Solved – What does it mean that stepwise, backward and forward selection methods are “path dependent”

feature selectionintuitionoptimizationregressionstepwise regression

In many papers I read that stepwise, backward and forward selection methods are "path dependent". What does it mean? Could anyone give me some practical example to understand the underlying concept? It is related to the fact that these methods are local search techniques?

Best Answer

Forward stepwise selection begins with a model containing no predictors, and then adds predictors to the model, one-at-a-time, until all of the predictors are in the model.

In particular, at each step the variable that gives the greatest additional improvement to the fit is added to the model.

In detail:

  • Let $\mathcal{M}_0$ denote the null model, which contains no predictors.
  • For $k = 0, \dots, p - 1:$ Consider all $p - k$ models that augment the predictors in $\mathcal{M}_k$ with one additional predictor. Choose the best among these $p - k$ models, and call it $\mathcal{M}_{k + 1}$. Here best is defined as having the smallest $RSS$, or equivalently largest $R^2$.
  • Select a single best model from among $\mathcal{M}_0, \dots, \mathcal{M}_p$ using cross-validated prediction error, $AIC$, $BIC$, or adjusted $R^2$.

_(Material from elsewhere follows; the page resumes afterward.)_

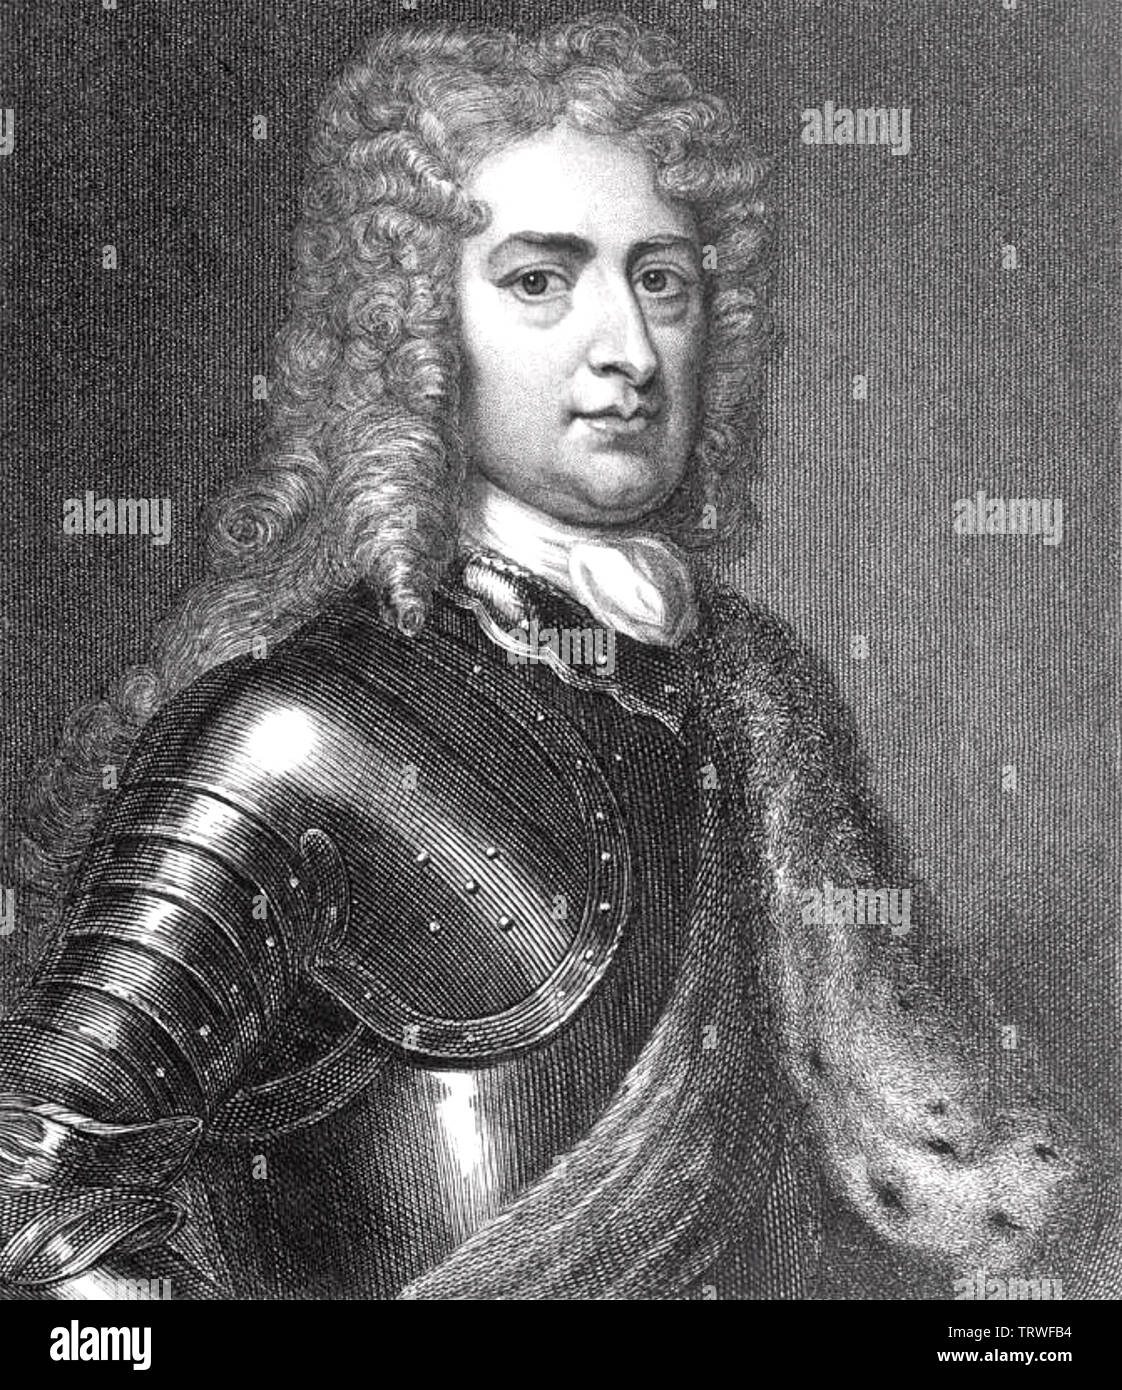 JOHN CHURCHILL, 1st Duke of Marlborough (1650-1722) English soldier and statesman - Stock Image

It is not guaranteed to find the best possible model out of all $2^p$ models containing subsets of the $p$ predictors. This is because the variable that has been selected in round 1 (i.e., for $k=0$) will definitely be in the final model, even if it occurred at a later stage that, when considering the best $k$-dimensional model, $k>1$, does not need that particular variable.

In slightly different words, it might happen that a variable gives the largest reduction in $RSS$ relative the null model, but that, when also considering combinations of, say, three variables, that some combination of three predictors makes the variable chosen in round 1 redundant.